Pasti lebih menarik untuk dinikmati mata. Jadi kan, sound bagus empuk deh ditangkap kuping. Lighting
yang bagus, enak untuk ditangkap mata. Akan menjadi sajian tontonan hiburan
musik yang komplit. Dan bikin penonton pulang dengan lega, puas dan bisa tidur
nyenyak.
Hehehe,maaf
ya. Maaf banget, saya rada cerewet kalau soal lighting. Urusannya kan untuk
jeprat-jeprot-jeprit juga sih. Biar hasil foto dari para fotografer itu
cemerlang lah gitu. Tapi gimana ya, saya juga maklumi, kalau mengejar isi
artistik yang “ideal”, bisa jadi perlu dukungan dana tambahan juga sih.
Pilihan
sulit jadinya. Pilih artistik lebih mendekati sempurna dan ideal kah? Atau
pilih, bisa memanggil nama-nama populer dan dikenal luas?

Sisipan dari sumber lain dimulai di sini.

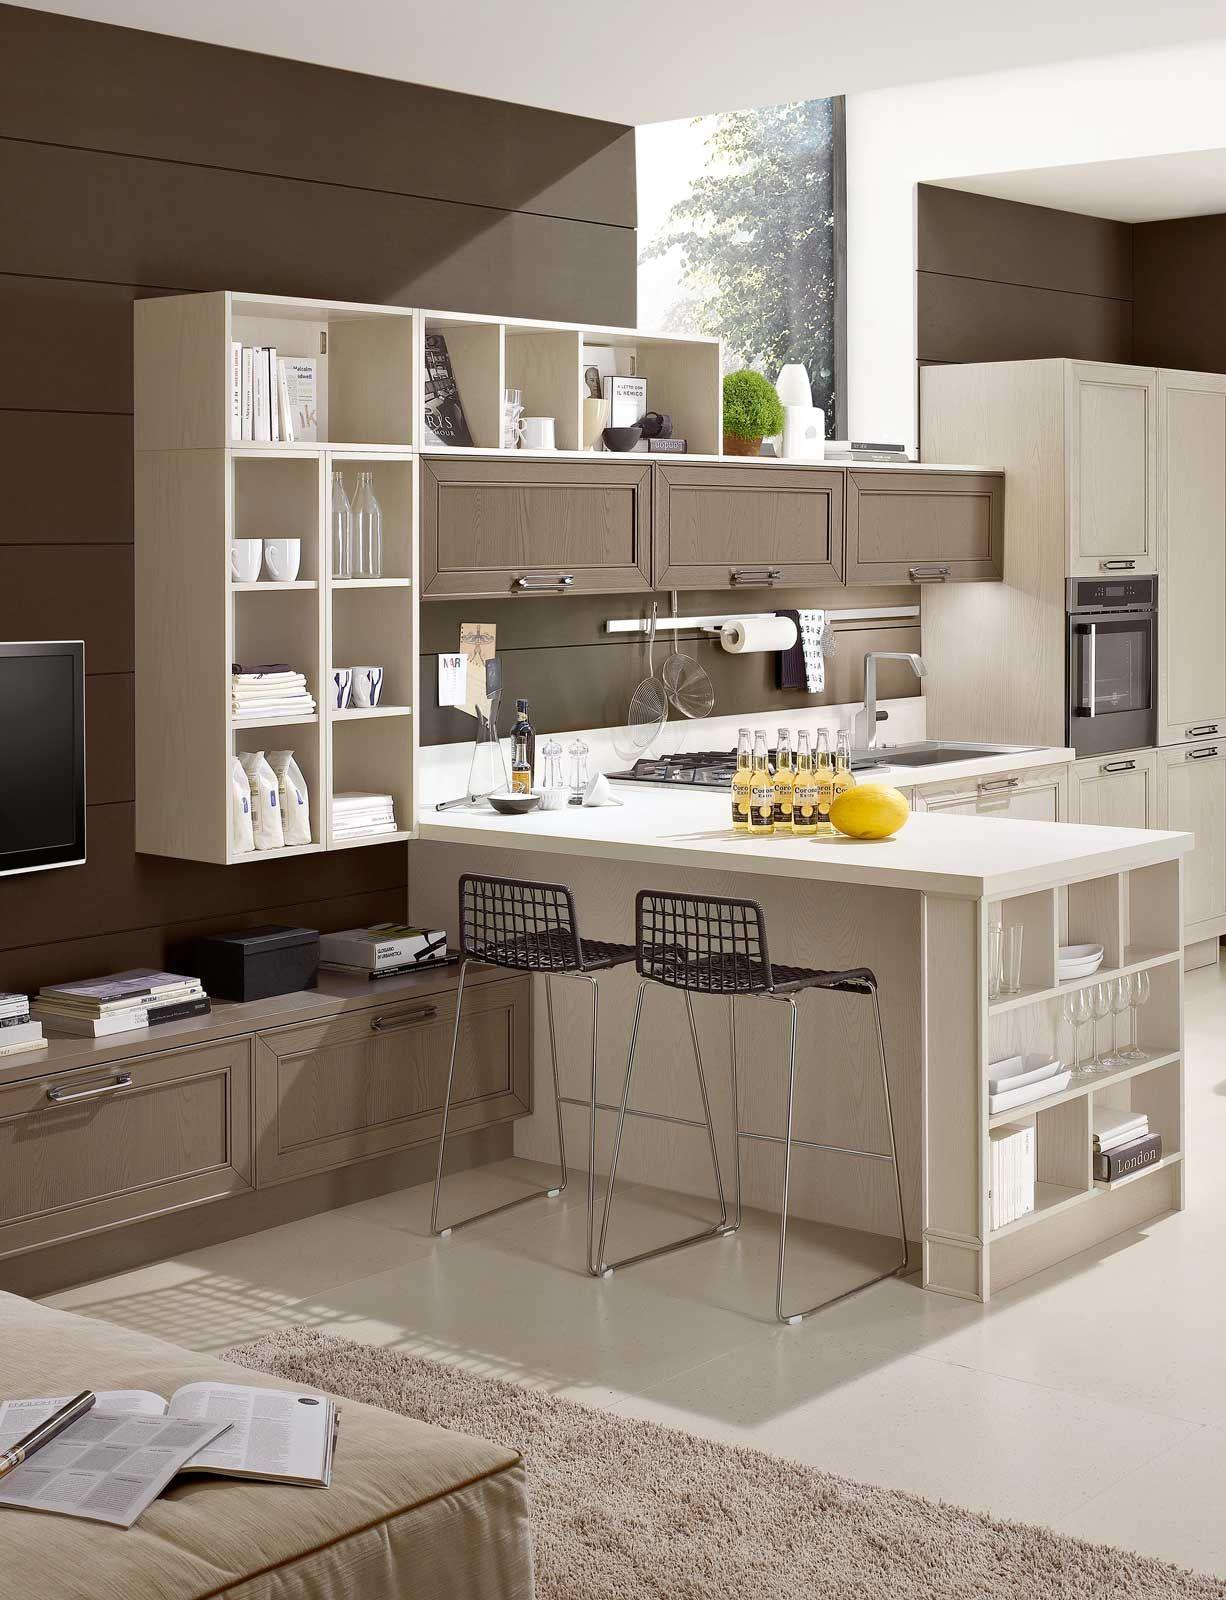 Cucine con la penisola un elemento che divide ma soprattutto unisce arrediamo pinterest - Progettare la propria casa ...

Buat datangin
penonton banyak kan, ya “penawaran” penampilan nama-nama populer dong lebih
ampuh?
Di
malam berikutnya, yaitu malam kedua. Giliran tampil adalah MLD Jazz Project lalu Yura
Yuniar, Mocca kemudian Tulus dan Raisa, di panggung Wisnu. Sementara di panggung Brahma, muncul
sebagai pengisi special show nya adalah Glenn
Fredly, Krakatau dan Kahitna. Seru juga sih. Yang pasti,
ngeband banget!
Ya
jazz or not jazz. Seperti saya tulis
di atas kan, jazz hari ini cem-macemlah. Anggap saja jazz, toh mereka semua,
yang dianggap “tidak jazz”, kan juga tampil memeriahkan Java Jazz Festival?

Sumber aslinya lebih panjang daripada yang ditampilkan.